The other major issue to be considered is compatibility with the past. The new Tex fonts are substantially different from the old ones. More than the fine detail of the character shapes has changed. The widths have changed a lot. The feel of the fonts has also changed, subtly in some cases, and blatantly in others: the upper case script alphabet in CMSY, for example, has been drastically redone.

Whenever a font revision occurs that involves changes in character widths, there is the possibility of old Press files not printing properly. Since the old Tex fonts have been around for more than a year now, there are probably a fair number of Press files in existence that depend upon those old fonts. As the standard PARC fonts got thinner and thinner over the years, one mechanism evolved for handling this problem. Those printers that run Spruce can save multiple tables of width information for a font in their font dictionaries. In addition, every Press file is now stamped with its date of creation. When Spruce receives a Press file, it checks this date; it then prints the file using the current rasters for the font, but spacing those rasters according to the widths that were in effect when that Press file was created. As a result, old Press files come out with different character shapes, but the lines still look justified.
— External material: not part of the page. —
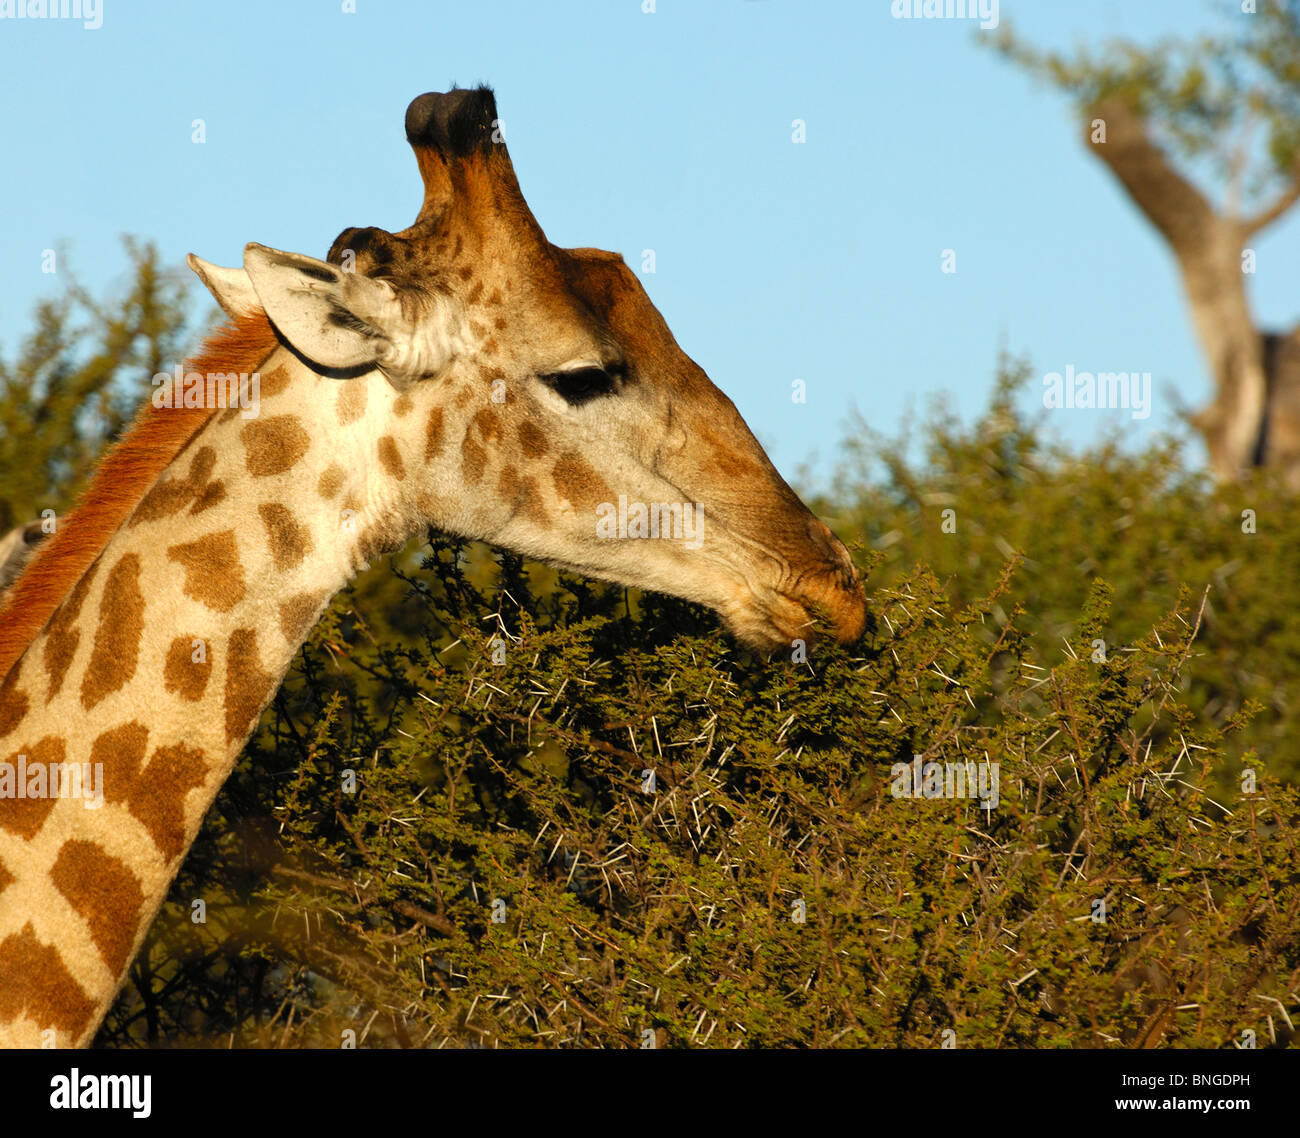 Jirafa , jirafa, camelopardalis, forrajeando en árboles de acacia, la Reserva de Caza Madikwe, Sudáfrica Foto de stock

Unfortunately, we can’t use this multiple widths mechanism to handle the Tex font portion of the upcoming cataclysm because of the consequences of the logical and physical size decisions made above. Even if we could, the fonts have changed enough so that the results of printing an old Press file with the old widths and the new rasters might not satisfy you. But we can’t do it anyway: existing Press files that are asking for CMR at 10 logical points and 10 physical points are asking for CMR with size 10 and face 0. According to the new conventions, you must ask instead for CMR with size 10 and face 74=54+2*10. Thus, the old Tex fonts and the new Tex fonts don’t match, according to the tests of the printing servers. Therefore, we propose the following: we will simply leave the old fonts on the printer untouched for a while, to achieve some backward compatibility. After this period, the old fonts will go away, so that we can recapture the space that they require. I would guess that the old Tex fonts will stay on Clover for at least a few months after the cataclysm at least, but not for too much longer. I hope that most Tex users have been smart enough to save their Tex sources, so that dealing with old Press files won’t be too big a problem. If you are the type of person who throws away Tex sources, consider yourself warned.
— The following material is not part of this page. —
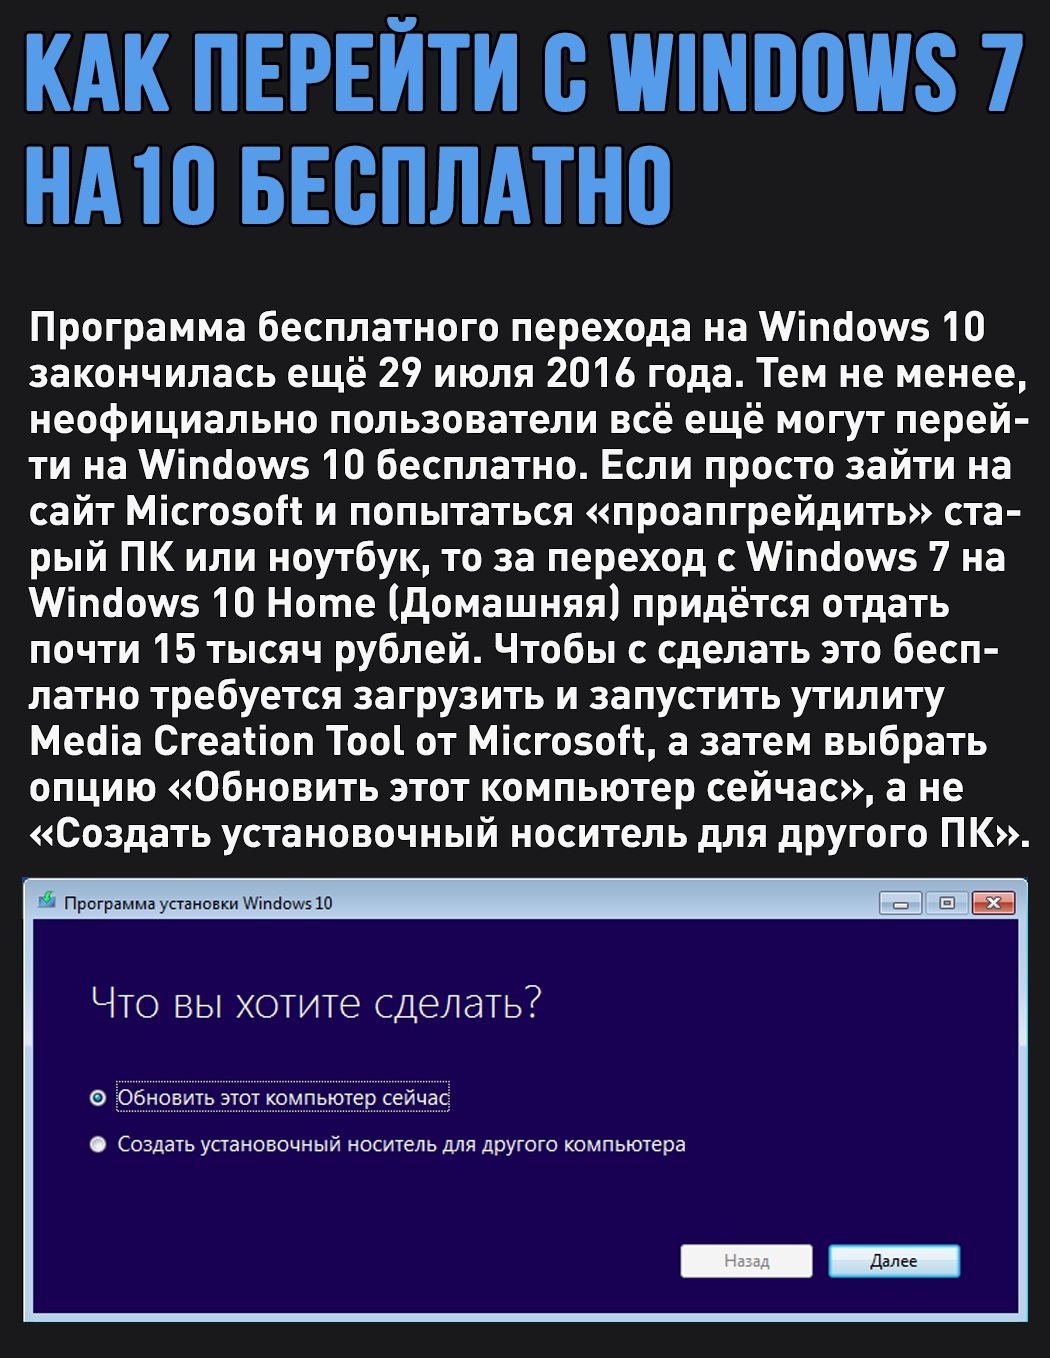 windows media creation tool for windows 7

Even though the bulk of the old Tex fonts can stay in Clover’s data base without any bad consequences other than making it bigger, the SLIDESCM* fonts are a different case. They are using up family names for what is, in the new scheme of things, no good purpose. I would like to throw those fonts away as part of the cataclysm, even though this would constitute a gross incompatibility with the past. My sense is that they have not been extensively used. And of course, the post-cataclysm Tex and Clover will have roughly equivalent fonts that fit into the scheme detailed above. If you object to the sudden disappearance of the SLIDESCM* fonts, please let me know.

One more minor issue to go! In general, it is impossible to use Tex fonts in Bravo. The standard Fonts.Widths file doesn’t include the widths for Tex fonts, because they are too bulky to make that desirable. In addition, Tex fonts in general don’t come equipped with Alto versions. Since the mathematical symbols in CMSY seemed too important to pass up, Leo Guibas took the 10 point version of the old CMSY and produced an Alto font for it, calling the result SYMBOL. Some undetermined number of Bravo users have now become dependent on the SYMBOL font. The script alphabet that is part of CMSY is one of the things that has changed the most in the new Tex fonts. My current plan is to leave the SYMBOL font alone; after all, someone might actually like those funny script characters!